Записки стороннего человека
Опубликовано в журнале Звезда, номер 1, 2023
С поэтом Иосифом Бродским я познакомился совершенно случайно в последних числах мая 1967 года через невенчанную жену и мать его сына Марину Павловну Басманову, художника по профессии. Марина — дочь питерских известных художников музейного уровня. Отец ее, Павел Иванович Басманов, — прекрасный график и живописец, ученик В. В. Стерлигова, сохранивший в своих работах школу двадцатых-тридцатых годов, мать — Наталья Георгиевна Басманова, график, книжный иллюстратор, — работала в детской книжной графике, несколько книг оформила в Детгизе с дочерью Мариной. Работы Басмановых находятся в собраниях многих российских музеев, в том числе и в Русском музее.
Семья Басмановых жила в известном доме Бенуа, построенном архитектором Альбертом Кавосом в стиле позднего классицизма на углу улиц Глинки и Римского-Корсакова. Окно угловой комнаты-мастерской художников выходит на Николо-Богоявленский собор, воздвигнутый в духе елизаветинского барокко, и на старый особняк по улице Глинки.
Басмановы, Павел Иванович и Наталья Георгиевна, а вслед за ними Марина, сугубо православные верующие люди. Родители, увидев, что их дочь беременна, потребовали от Иосифа Бродского принять православное крещение и жениться на Марине. Иосиф не согласился креститься. Басмановы отказали им в жилье на улице Глинки. Ребята с новорождённым «повисли в воздухе» и стали искать квартиру.
Узнав о бесприютности Марины с рожденным мальком, я на время решил приютить их на своей недавно полученной жилплощади — на четвертом этаже старинного дома по улице Герцена, 34. Квартира тогда у меня пустовала. Семья, жена Инна Габай с годовалым сыном Сашей, уехала до осени на Волгу к родителям. Я обитал, то есть работал и спал, в большой тридцатиметровой комнате с обширным балконом, стоящим на эркере. С балкона среди крыш питерских домов XIX века открывался вид на золотой купол Исаакиевского собора.
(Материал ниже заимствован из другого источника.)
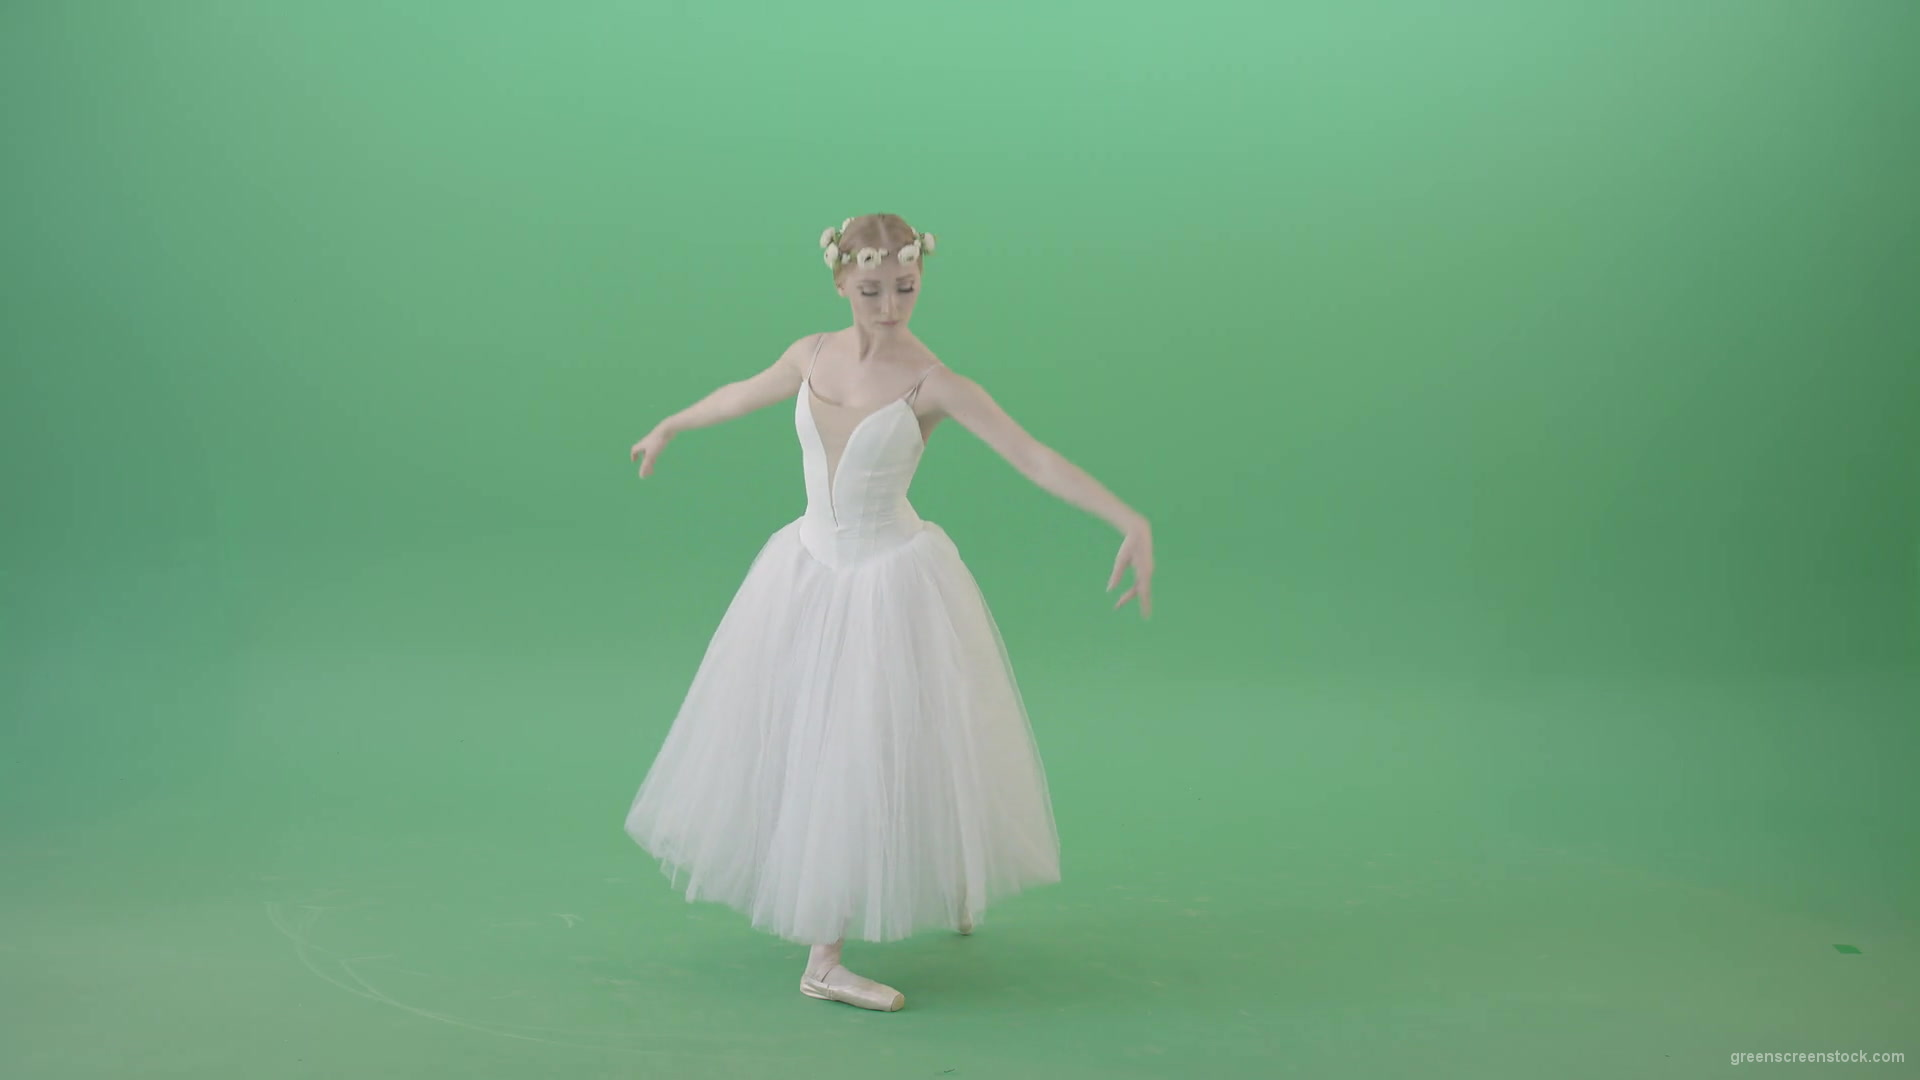 Ballet-Art-Princes-making-royal-regards-in-white-wedding-dress-isolated-on-green-screen-4K-Video-Footage-1920_009 Green Screen Stock

В многосемейной коммуналке владел я двумя комнатами с малой кухонькой, где был водопровод с раковиной и крошечная тамбур-прихожая, отделявшая собственной дверью меня от общей передней. По коммунальным меркам того времени практически я владел квартирой в квартире.
Вторая комната, с одним окном, площадью восемнадцать квадратов, с украшавшей ее печью-голландкой, оставшейся от прежних времен, была абсолютно свободна. Туда-то Марина с Иосифом и принесли своего сынка из родовспомогательного дома. Здесь, открывая входную дверь, я впервые познакомился с поэтом Бродским, внесшим на руках своего рыжего малька Андрея ко мне в квартиру.
С Мариною мы учились в средней художественной школе Института имени Репина, Академии художеств СССР, только я был старше. Работы ее родителей, художников Басмановых, знал и ценил. Отсюда — появление Марины с пацаненком и его отцом в моем доме произошло не случайно. До этого происшествия с Иосифом я не встречался, правда, с начала шестидесятых годов слышал о нем как о талантливейшем поэте города.
Во вторую комнату, к голландской печке, к полуторному деревянному топчану, обшарпанному столу и двум табуреткам, ребята привезли детскую кроватку, подаренную друзьями Иосифа от выросшего из нее собственного чада. Короче, «экипировали» комнату окончательно, и начала работать фабрика по выращиванию человечка на улице Герцена, бывшей Большой Морской. В официальных документах, в том числе в теперешнем интернете, рождение Андрея записано октябрем 1967 года, на самом же деле он родился в мае, и привезли его ко мне в дом на Герцена в конце мая. Очевидно, это одна из загадок матери Андрея — Марины Басмановой.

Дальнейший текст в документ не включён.